File /opt/conda/envs/Python-3.10-Premium/lib/python3.10/site-packages/bertopic/_bertopic.py:3167, in BERTopic.merge_models(cls, models, min_similarity, embedding_model) 3164 merged_topics["topic_aspects"][aspect][str(new_topic_val)] = values[str(new_topic)] 3166 # Add new embeddings -> 3167 new_tensors = tensors[new_topic - selected_topics["_outliers"]] 3168 merged_tensors = np.vstack([merged_tensors, new_tensors]) 3170 # Topic Mapper

IndexError: index -2 is out of bounds for axis 0 with size 1

It works if I am not using zero-shot topic modeling.

Many greetings

MaartenGr commented 4 months ago

I think this issue then relates to https://github.com/MaartenGr/BERTopic/issues/1797 which should be relatively straightforward to fix. I would advise keeping an eye on that issue until a fix is released.

MaartenGr commented 4 months ago

@hubernst

I created a PR in https://github.com/MaartenGr/BERTopic/pull/1804 that should solve both issues, the ordering of the embeddings as well as moving the outlier class back to the 0th position (which is necessary for many other functions).

Could you test whether it works for you?

hubernst commented 4 months ago

Hello, yes, of course I will check it, thank you for the fix! Hopefully today, tomorrow afternoon at the latest.
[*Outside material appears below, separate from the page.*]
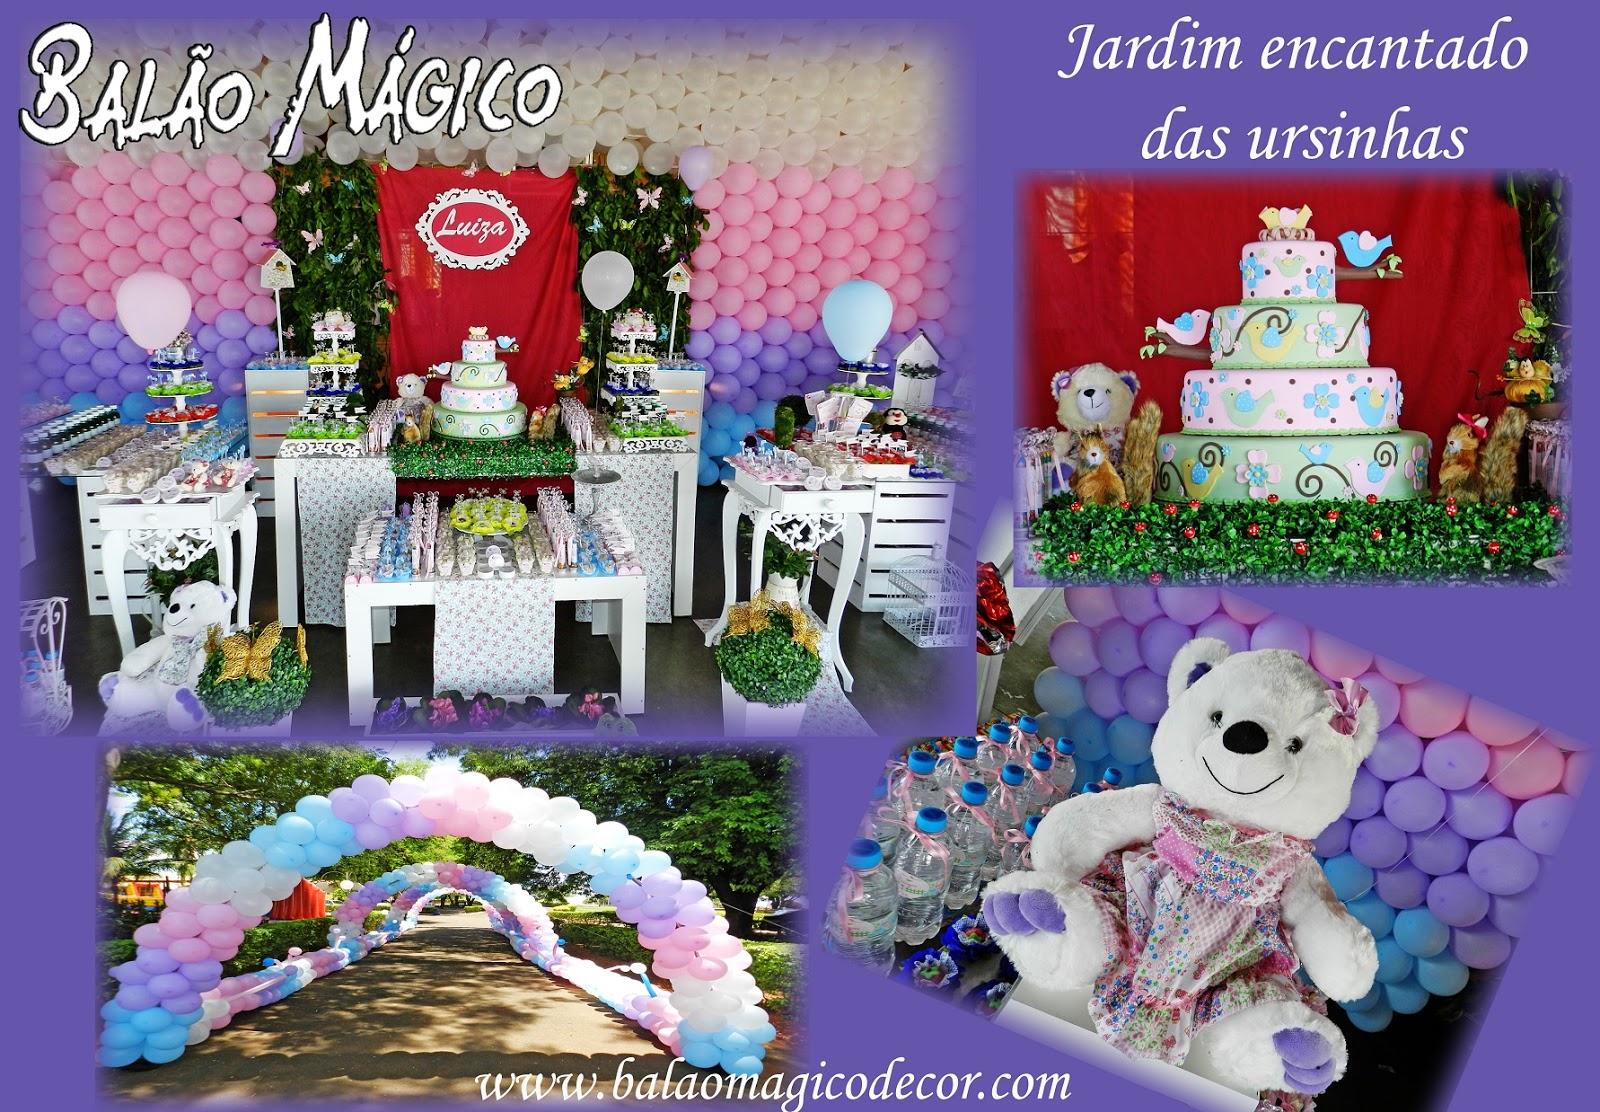 decoracao de balões jardim encantado:Agora nós somos FESTEIRAH! DECOR. : URSINHAS NO JARDIM ENCANTADO

hubernst commented 4 months ago

Hi, thanks for the quick help. For the problem described here, the fix #1804 works! I.e. I can now specify different values for zeroshot_min_similarity. Unfortunately the fix does not solve issue #1792, I can also comment on that there. Furthermore, there is an error with topics_per_class(). Sorry.

MaartenGr commented 4 months ago

Glad to hear that it resolved at least this issue ;-) I added my response to that specific issue there.